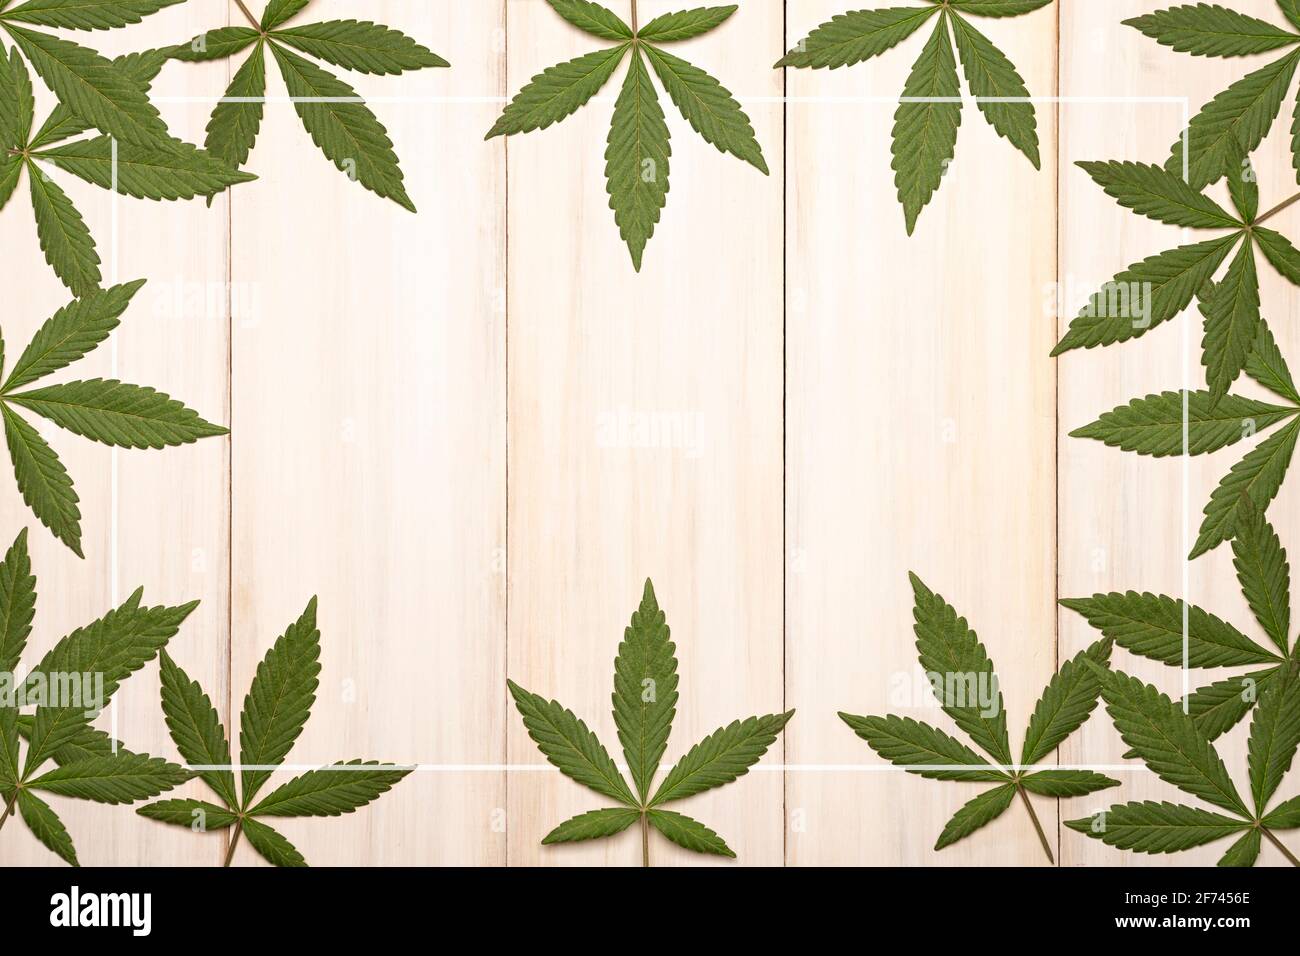 green fresh cannabis sativa leafleaves(marijuana) framing a rustic white wooden background with copy space Stock Photo
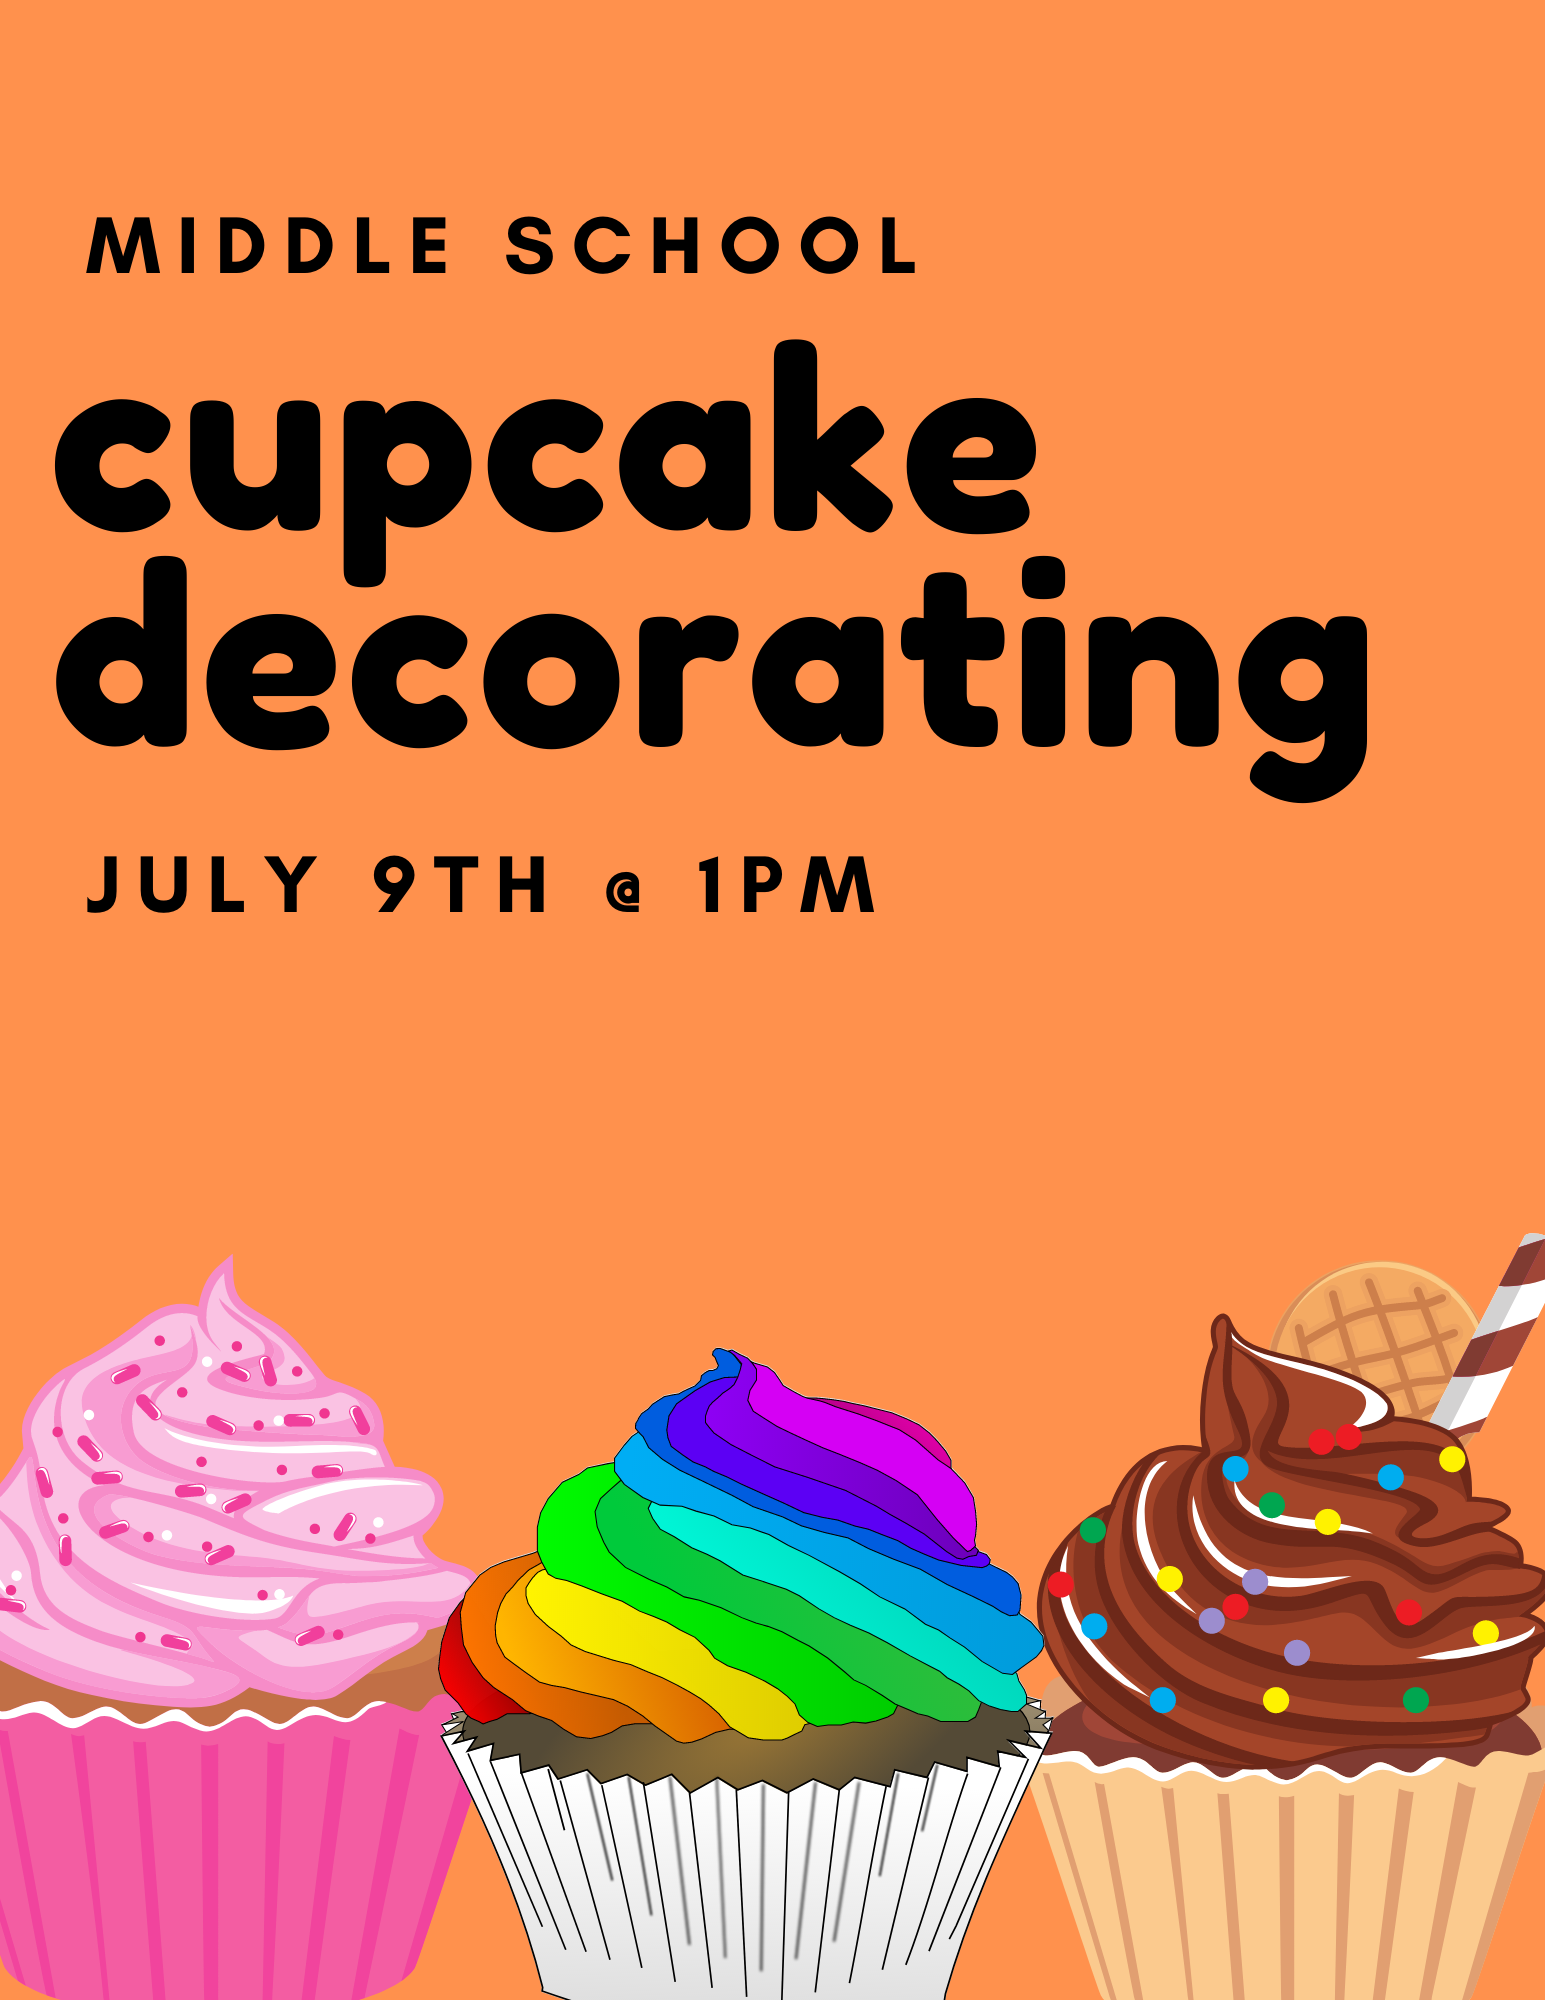 Middle School Cupcake Decorating July 9th @ 1 PM poster
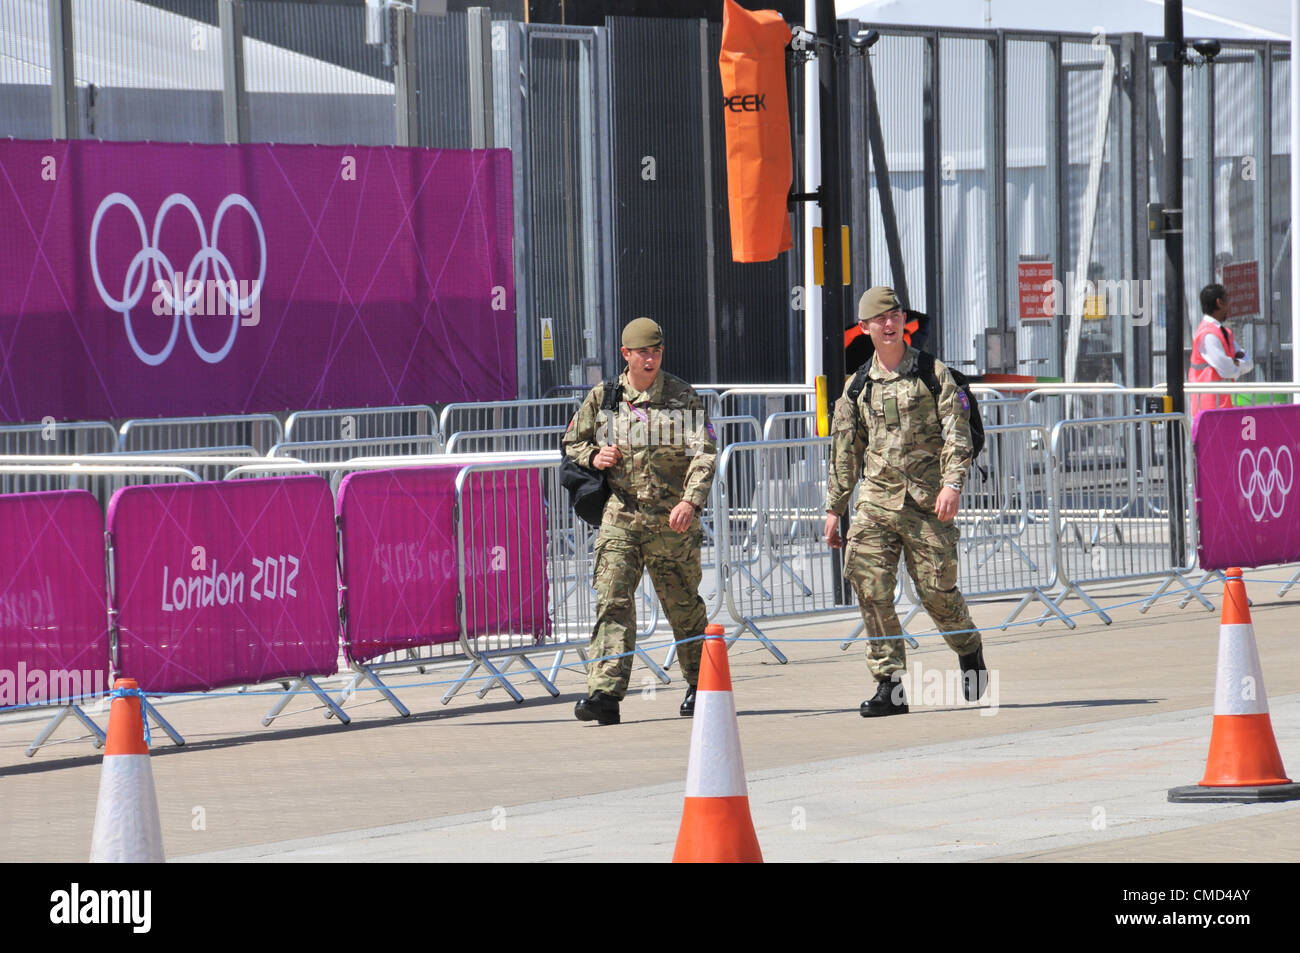 Stratford, London, UK. 22nd July 2012. The Olympic Park has the army acting as additional security due to the poor performance of G4S the private company that was supposed to supply staff for the games but has failed to do so. Credit:  Matthew Chattle / Alamy Live News Stock Photo
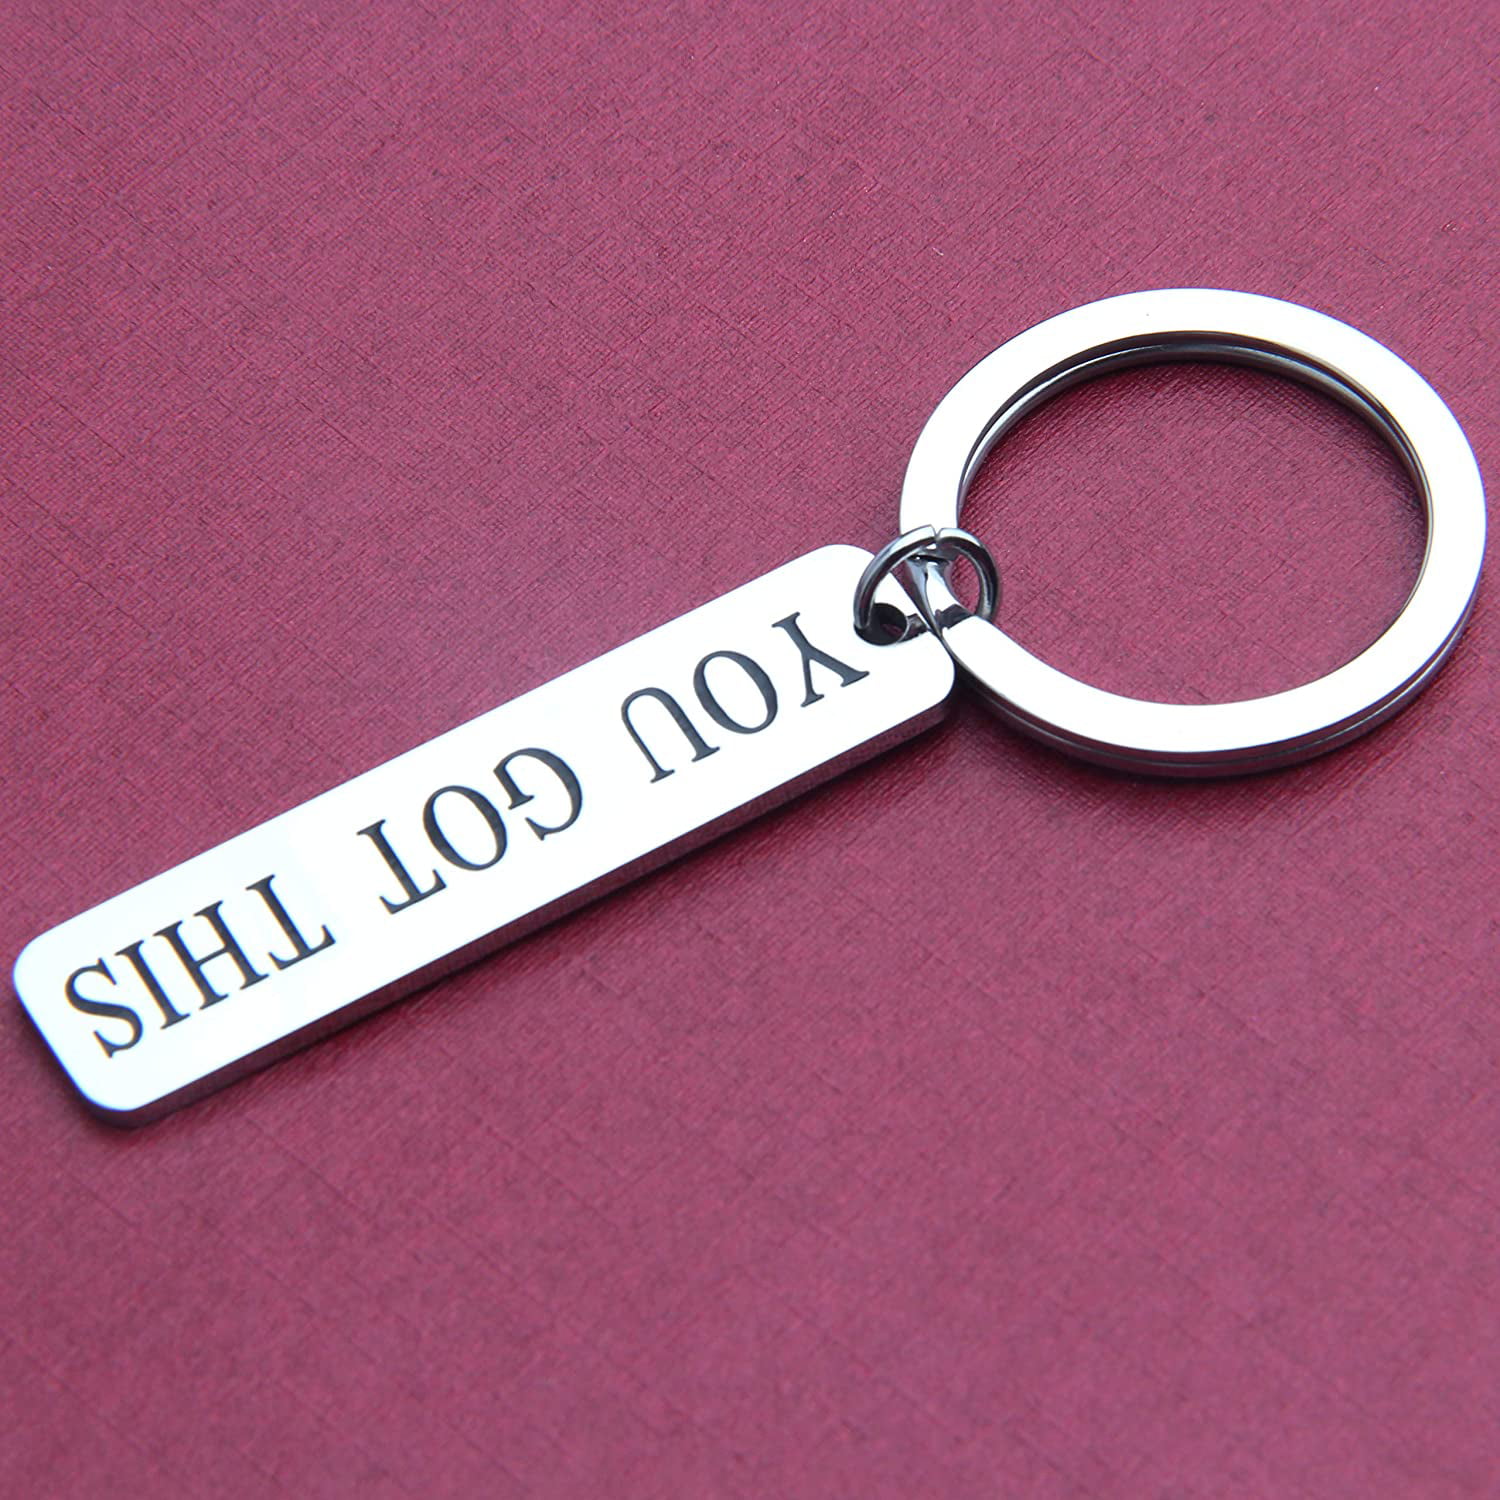 BNQL You Got This Keychain Positive Quote Uplifting Key Chain Recovery Gift
........
Instructions for the task –
Leaving the pictures out, copy exactly the lines from the line that contains "Middle School Cupcake" to the last line of the data, both ends included.

Problem solution –
 Middle School Cupcake Decorating July 9th @ 1 PM poster
 Stratford, London, UK. 22nd July 2012. The Olympic Park has the army acting as additional security due to the poor performance of G4S the private company that was supposed to supply staff for the games but has failed to do so. Credit:  Matthew Chattle / Alamy Live News Stock Photo
 BNQL You Got This Keychain Positive Quote Uplifting Key Chain Recovery Gift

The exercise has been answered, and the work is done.